1. Benefits For Executives
There are other significant benefits for you delegating as an executive:
- Good leaders need to focus on goals and outcomes and not just tasks. You need to focus on the bigger picture.
- Good leaders train their teams to do great work. Delegating can improve the quantity of work your team can handle.
- Delegating will relieve some of the stress and give you more time to do your job.
- It establishes trust with team members. When you demonstrate that you trust them with projects, you are strengthening your bond and enhancing your credibility.
2. Benefits For Team Members
Delegating provides benefits for team members:
- Delegating helps improve team members’ job skills and can lead to more engagement.
- You are helping them grow in your business and their career.
- You are building team members’ self-esteem by showing them you trust them.
- As you trust team members with more authority and responsibility, they may build on ideas and take initiative. What you may see as a boring or repetitive task, they may see as an opportunity to shine.
3. Benefits For Teams
It’s not just executives and team members that benefit from delegating. Great leaders understand team dynamics. Delegating benefits your team as well:
- Delegating increases efficiency.
- Effective delegating can help balance workloads by spreading out work. This helps make sure others have equal amounts of work.
- It gives you an opportunity to coach, train, and mentor workers. This provides a deeper insight into the “why” behind the “what” for team members.
- By demonstrating that you are using team members’ respective talents and helping them grow, you are more likely to keep teams fulfilled and engaged.
Increased Engagement Pays Dividends
Only 15% of employees globally say they are engaged at work, according to Gallup. That’s a startling number when you think about the 85% who aren’t enthusiastic and committed to their employer’s goals.
Some employees lack that enthusiasm because they fail to see how what they do connects with the company’s overall goals or fail to understand the role they play in a company’s success. Delegation is a good way to expand their understanding and demonstrate that their work is important and you trust them to do it well.
Good leadership fosters engagement through establishing and maintaining the right workplace culture. Engagement is often a result of creating and engaging culture.

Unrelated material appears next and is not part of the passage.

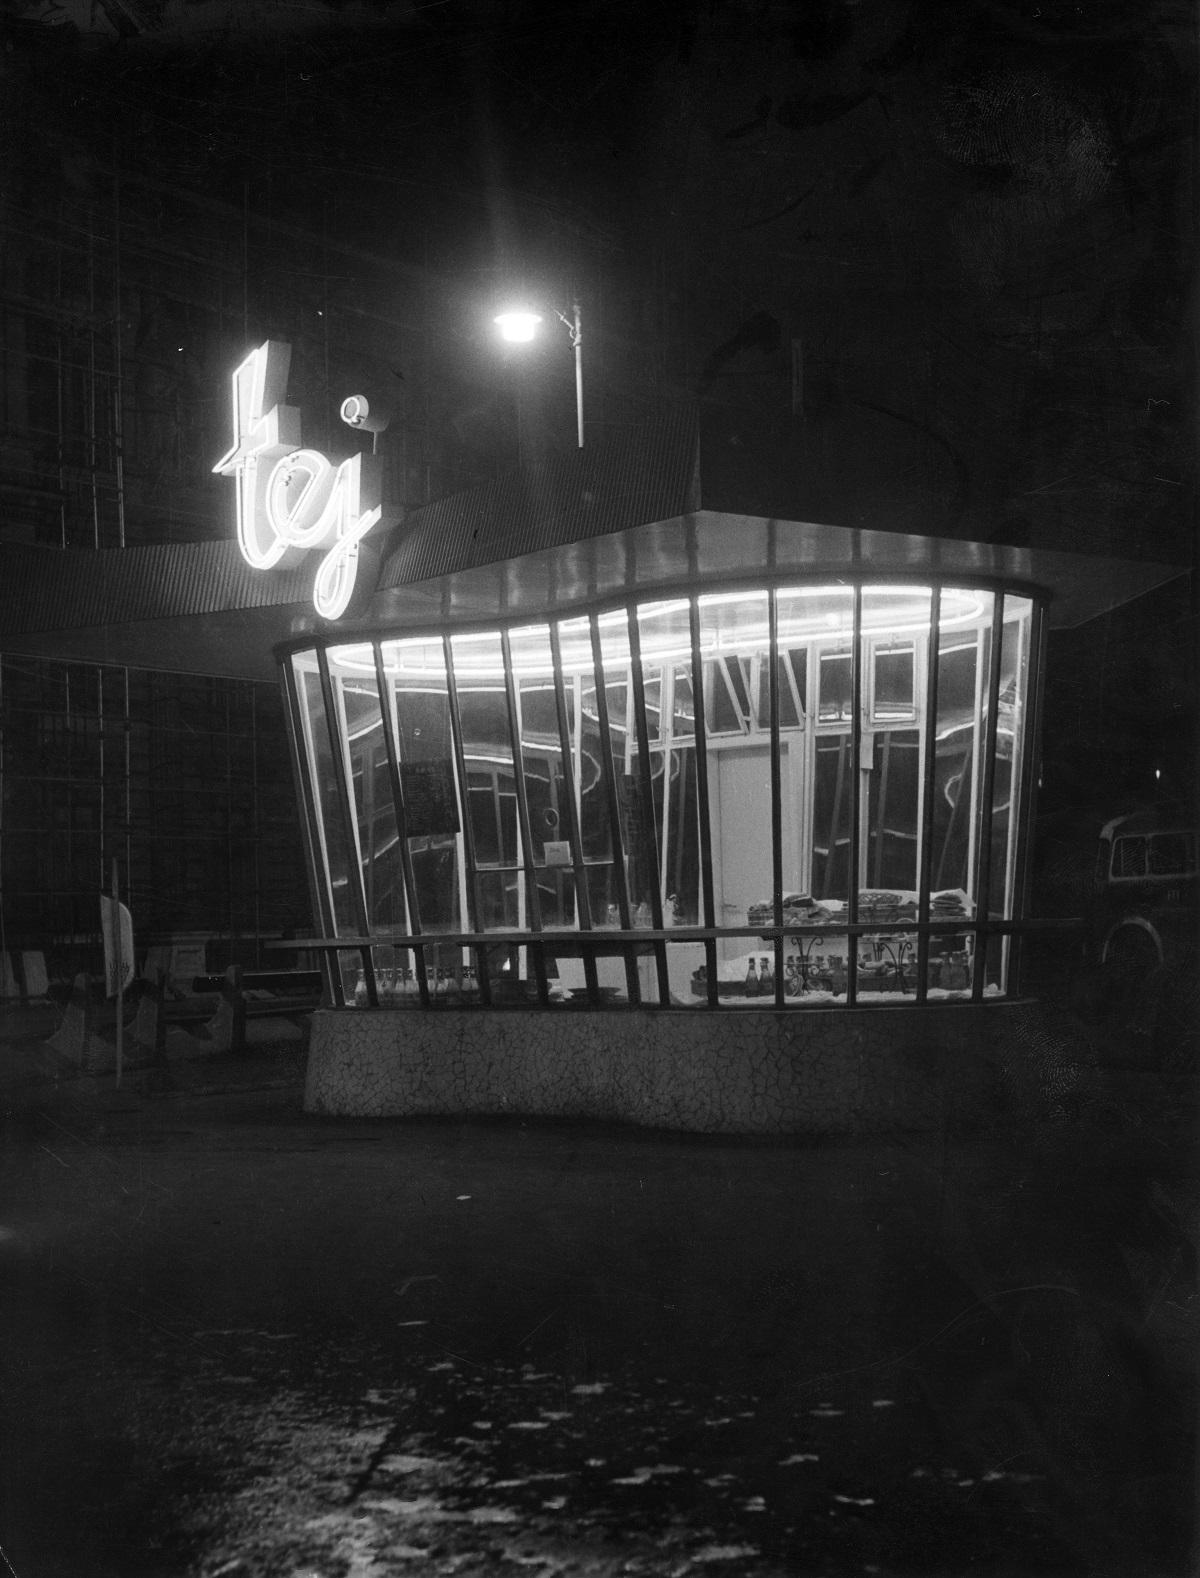 Fotó: Nyugati (Marx) tér, tejívó pavilon, Budapest VI. ker., Magyarország, 1964. Levéltári jelzet: HU_BFL_XV_19_c_11© Fortepan / Budapest Főváros Levéltára

Delegating can also help with employee retention. Engaged team members are less likely to leave jobs.
What If I Delegate And They Fall Short?
There’s a pretty good chance you rose to a leadership position in your organisation because you excelled at the type of tasks you need to delegate. Not every team member will be able to match your proficiency. This means the work will sometimes be less exceptional than what you may have done.

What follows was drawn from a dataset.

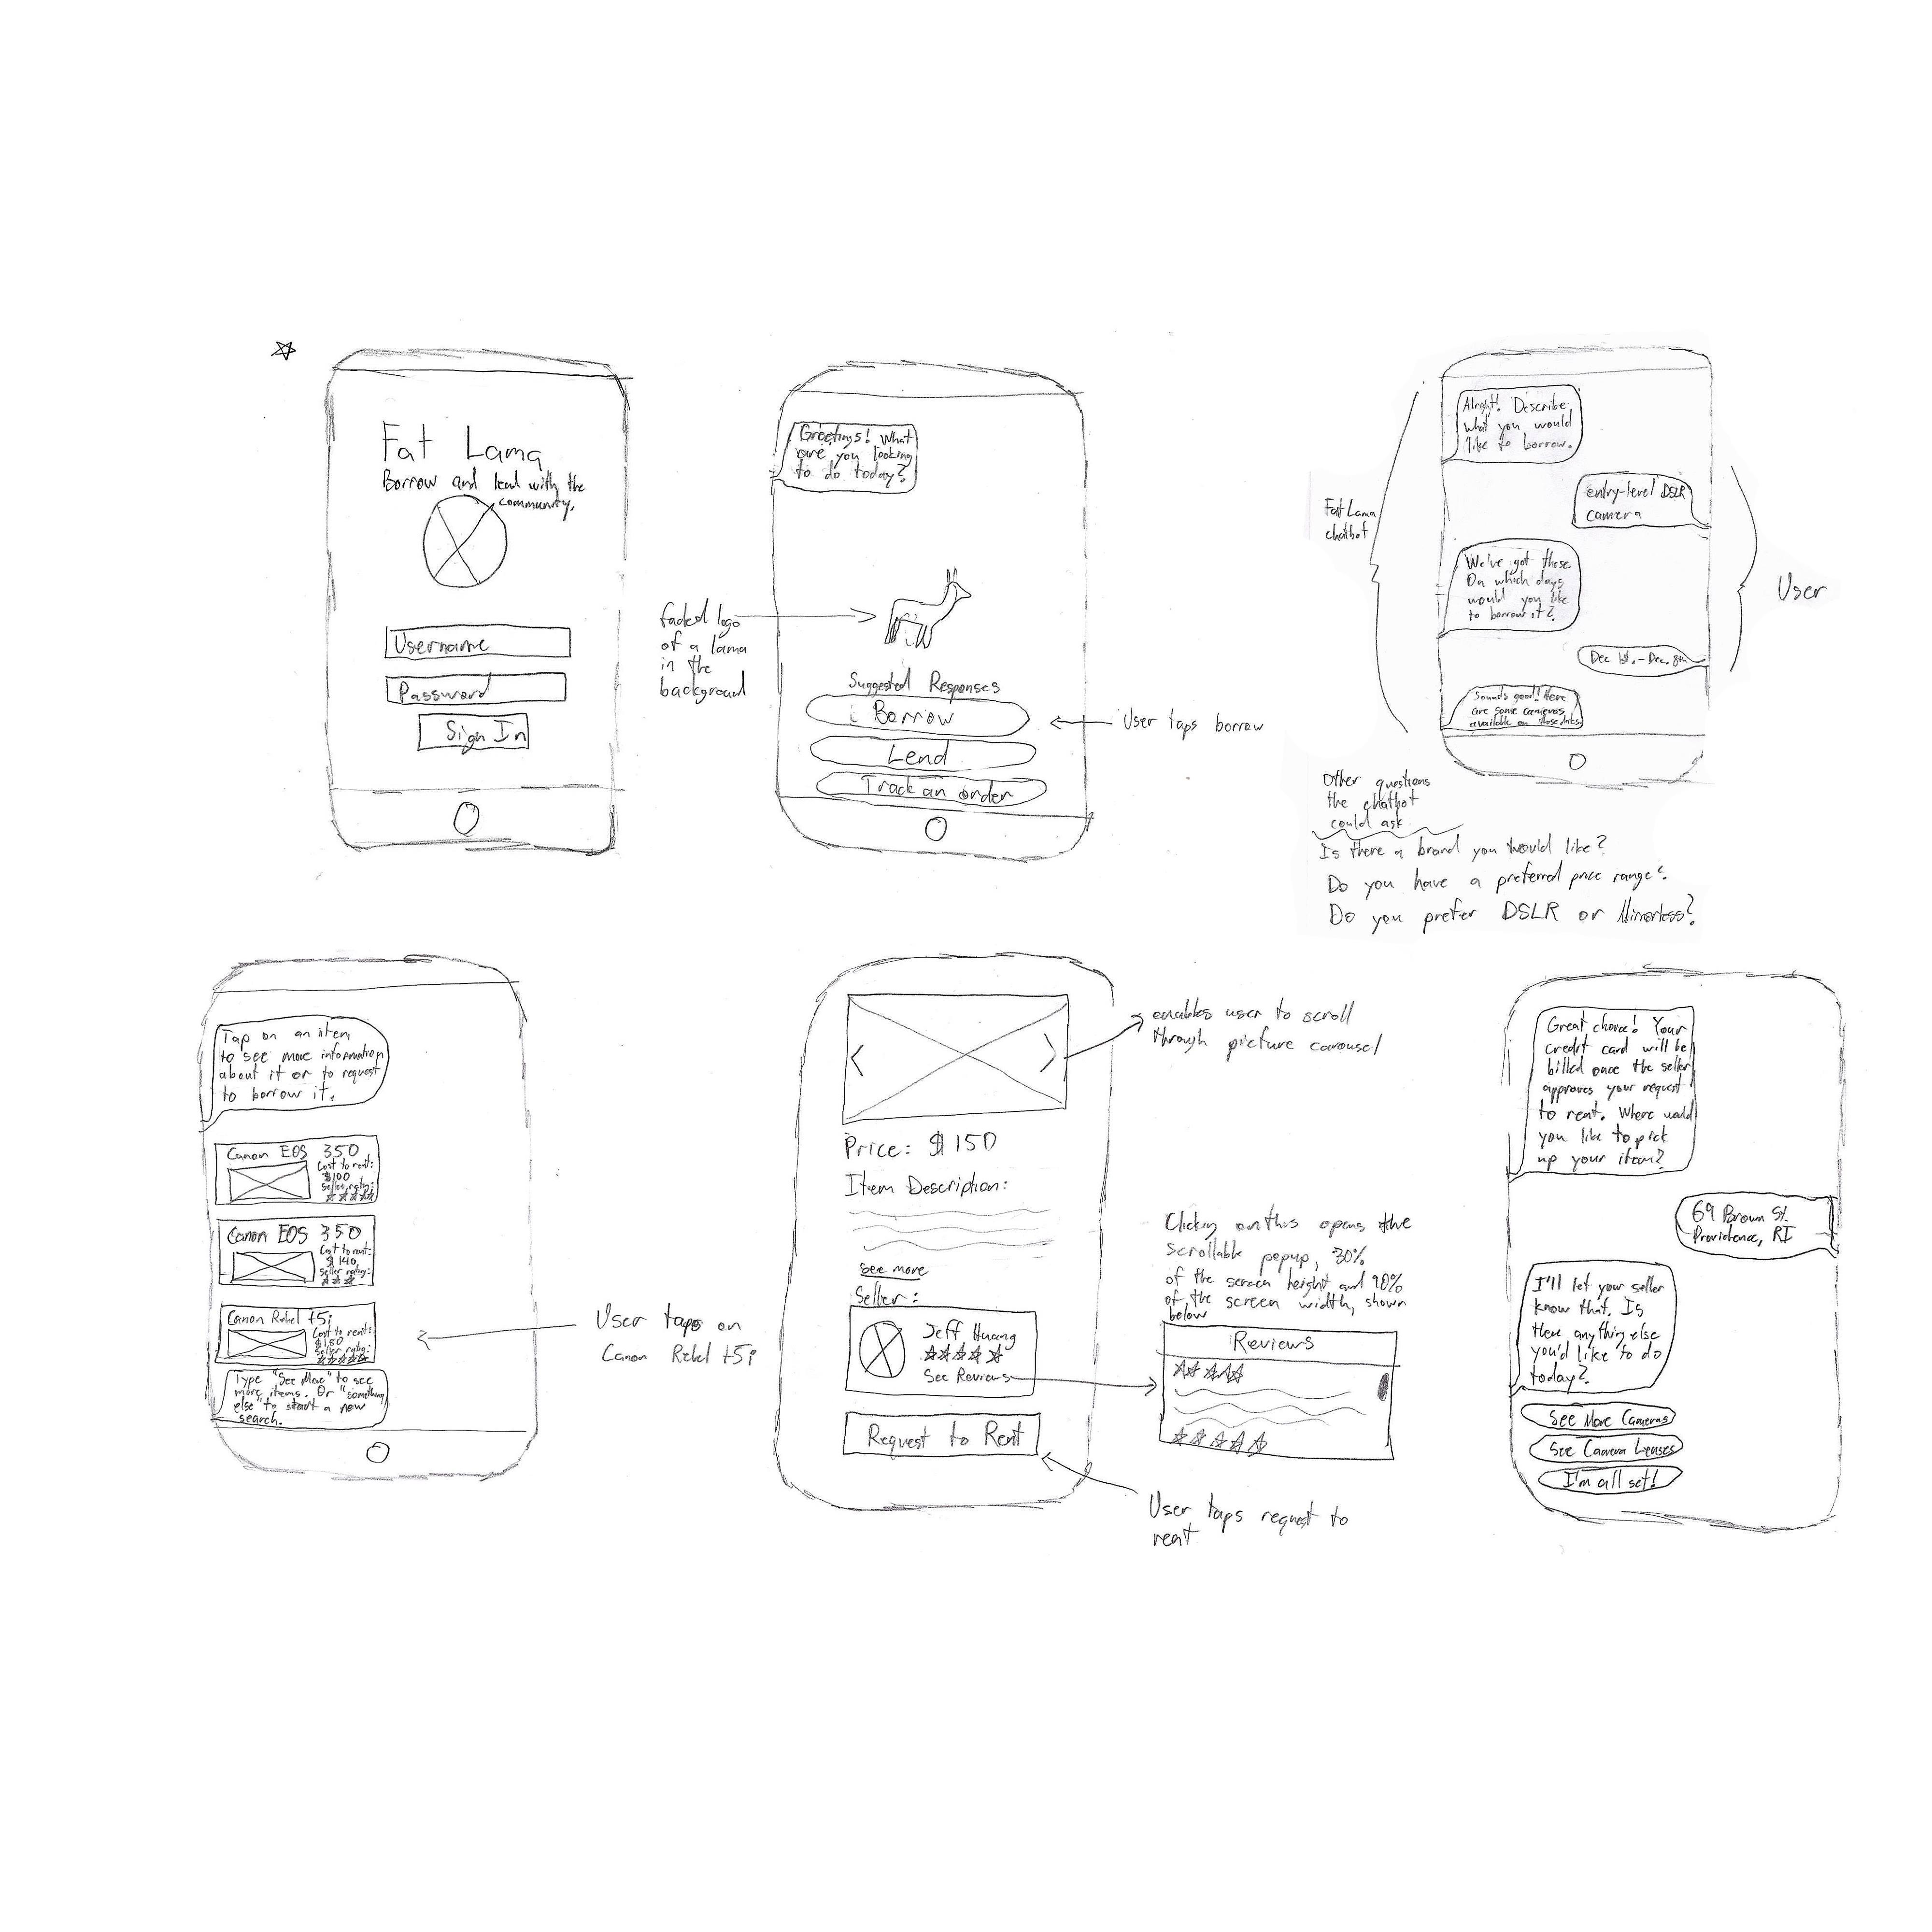 lending sketch v2

“One of the most difficult transitions for leaders to make is the shift from doing to leading.” – Harvard Business Review
Does it matter? First, you have to ask yourself if the difference in the quality of the work between what you have done yourself and what an employee did would make a substantive difference. Will making something a little bit better have an impact.
Secondly, it’s an opportunity to teach and mentor. Doing it yourself and not training others to do it means you’ll have to keep doing it. It may take more time, in the beginning, to let them take on jobs and then have to guide them, but it will free up your time in the end while building a better relationship with your team.
Start by delegating smaller tasks. As team members demonstrate they can handle the job, increase the level of sophistication. Think of every task you delegate as a coaching opportunity.
Delegating Does Not Mean Abdicating Responsibility
When deciding what to delegate, ask yourself if this is an essential task that only you can do. If the answer is yes, you shouldn’t delegate it. Any time you answer no, consider whether you can delegate.
Either way, it doesn’t mean you are abdicating the responsibility to get the project done to your satisfaction. It’s important that you stay involved and focused on the outcome, but the degree to which you do so matters. You don’t want to be perceived as someone that is either a micro-manager or someone uninvolved.
Set clear goals, expectations, and deadlines. When completed, review thoroughly and provide constructive feedback. Remember to practice good leadership skills when assessing work: praise publicly and criticise privately. Look at every task as a teaching or coaching opportunity.
Leadership Training Can Help
Leadership training can provide insights and techniques that lead to efficient delegation and engagement. Executive coaching can equip you with tools and strategies to maximise your professional effectiveness.
Those transitioning into a leadership role can benefit from leadership training by learning what it takes to be a great leader and get the most of their team. Experienced leaders can benefit from focused training on skills to make them better leaders and delegators.